Casey (whose racing name was
Chatham Lass although that link doesn't think she did much racing) was pleased to see Iris and Hazel and accepted their adoration and the present with kind grace. A while later
Tam and I took four small children and one white dog up into the misty paddock and Tam and a friend got Casey to run. At first Casey was a little confused about what we wanted "They can't want me to run, it's not flat, there's no other dogs, I'm not wearing my special face thing... they seem keen though, I'll do a bit of running and see what they think... oh, that was successful, they're calling me a
good dog and asking me to do it again... oooh, now I think about it that was wonderful, I feel great!... great!... great but tired. I guess I'll stop." It was lovely to see her joyfully flying up and down the hill. I asked Iris what she thought and she said "Casey good running, big running, good big huge running! Fast!"

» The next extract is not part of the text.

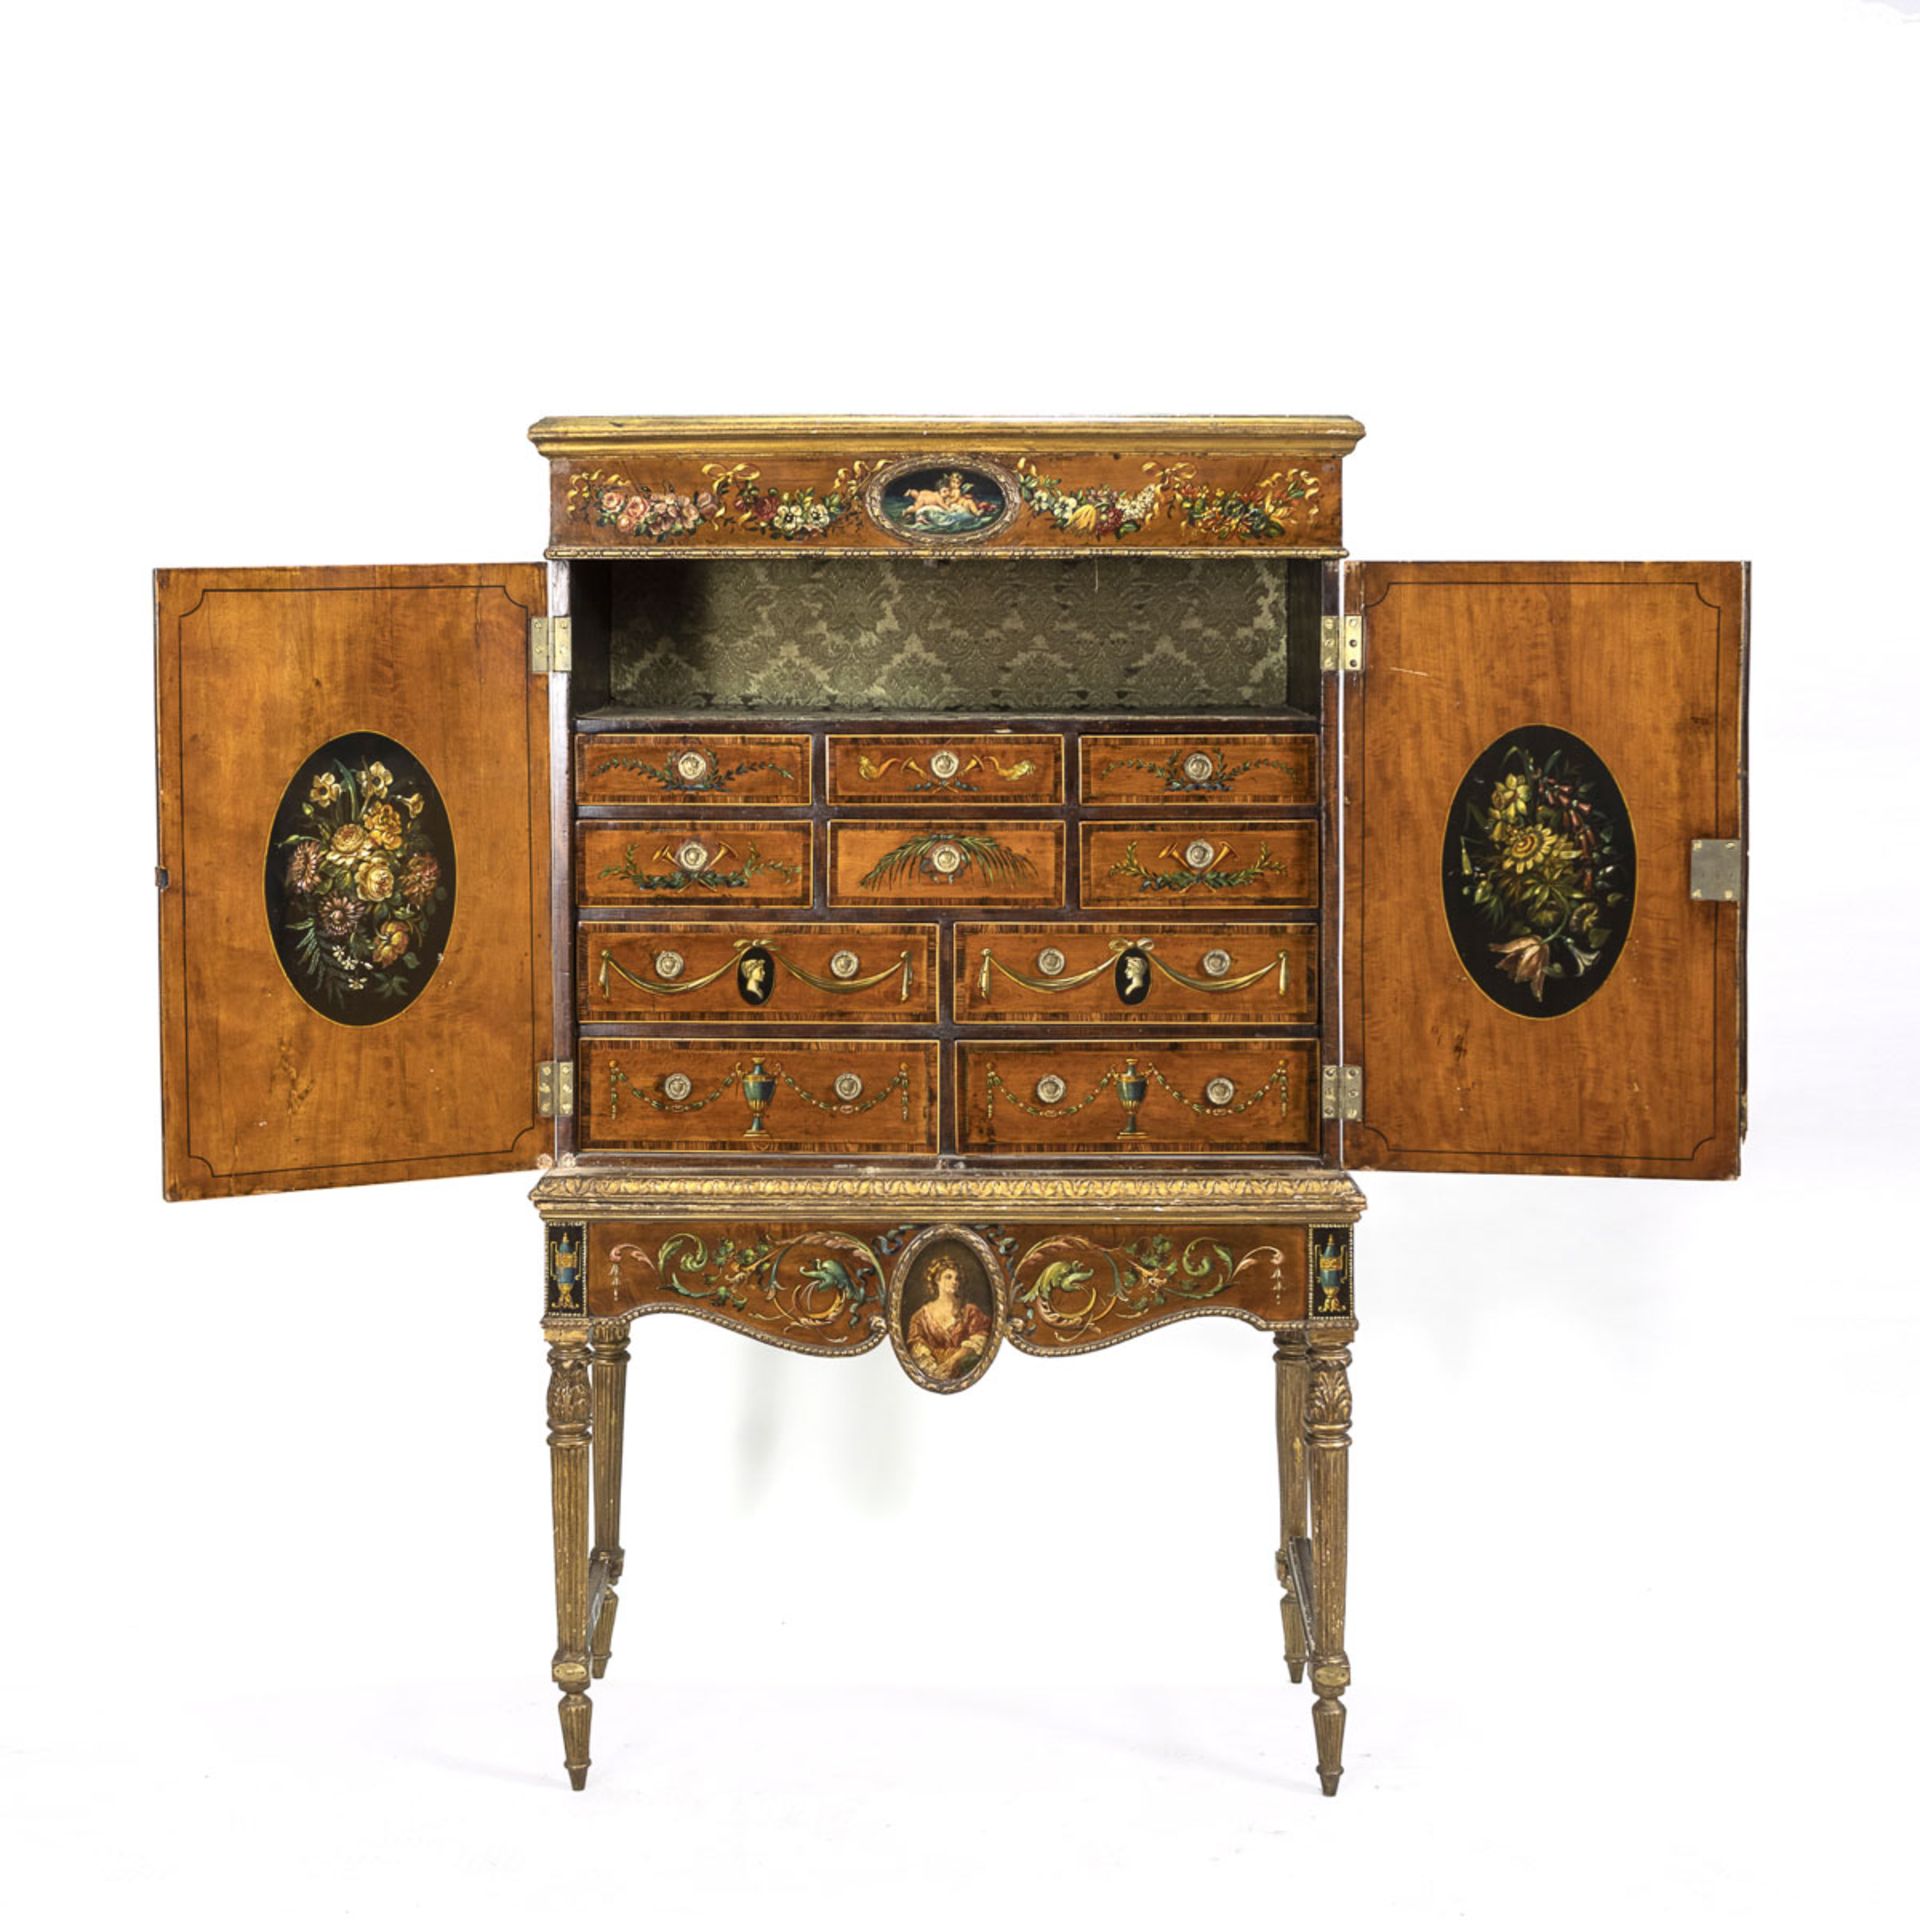 W.P Rackham, painted wooden cabinet - Image 2 of 2

Our playcentre is really into considering the children's schemas when considering their learning. Schemas are a way of talking and thinking about repeated thought-patterns in children's play. We find this way of thinking helps us to interact with our children because it seems they repeat these sorts of patterns because they are passionately interested in them. When they are passionately interested in something they are deeply engaged and that's when they learn the most. When we come to the children willing to listen and talk about the things they are passionately interested in, they are often willing to talk and listen to us too, which means we can support and scaffold their learning easily.
Hazel and Iris have
trajectory schemas. They each have some other schemas as well but they are both deeply fascinated by things moving fast. The trajectory schema is common ground for much sisterly bonding and Casey is an embodied trajectory; everything about her suggests her potential for speed. They watched her run as if it were an exam or a revelation. Their interest in Casey has had me helping them find pictures of dogs of different breeds and talking about each breed's history, we've looked at dogs and talked about the differences and similarities between them, we've guessed at whether they're fast or strong by looking at the outward evidence of their biology. Iris is trying her hardest to get exactly the right words to express her admiration for Casey's speed and grace, and Hazel has been thinking about how she might seem to Casey, who has very different ways of thinking. This holistic, continuous self-directed learning is obviously good for people and it's exactly what Te Whaariki (the early childhood curriculum) is about. But Hazel is 4, and it is normal to go to school at 5 in New Zealand.
I quite liked primary school. I still have some friends from then, and somehow I've managed to turn "you think you're so smart" back into an affirmation over the last 20 years. But I think I might have been smarter if I'd not gone to school. I remember having a huge vocabulary ready on the tip of my tongue for every occasion. It was not an asset, so I decided to pretend to forget the word whenever I was about to use one I didn't think my schoolmates would like because it was too long and latinate. After a few months that forgetting became real.
School never supported me in researching something that I was passionately interested in. Some of the assigned projects did seem more interesting than others but it was made very clear to me very shortly after starting that there were about 30 people in the classroom and that in order to get along as well as possible with 29 of them it was a mistake to impress that last one. School never gave me the impression that I should try stretching myself, that giving it my best shot and failing was better than not trying, or that outstanding success was better than fitting in.
But I'm happy now. I have a lovely family and wonderful friends. If I hadn't been to school and made those trade-offs would I have managed the social successes that are what really make the difference between loneliness and joy?
I'm sure my children are ordinary enough that they would do okay at any school. I believe our local schools are all quite good, as schools go, one of them even has a Montessori strand. But if it were as easy socially to choose home-schooling as it is to choose to bake all your own bread it would be an easier choice.
"Some of us like to make our own clothes, others want to grow their own vegetables... Jack and I like to educate our own children!" p277 Putting the Joy Back into Egypt: An Experiment in Education by Jean Hendy-Harris
As is I feel we're making the choice again for Hazel I made for myself as a child: and so I'm asking myself, with all the clarity of hindsight, is it better to be very clever or almost normal?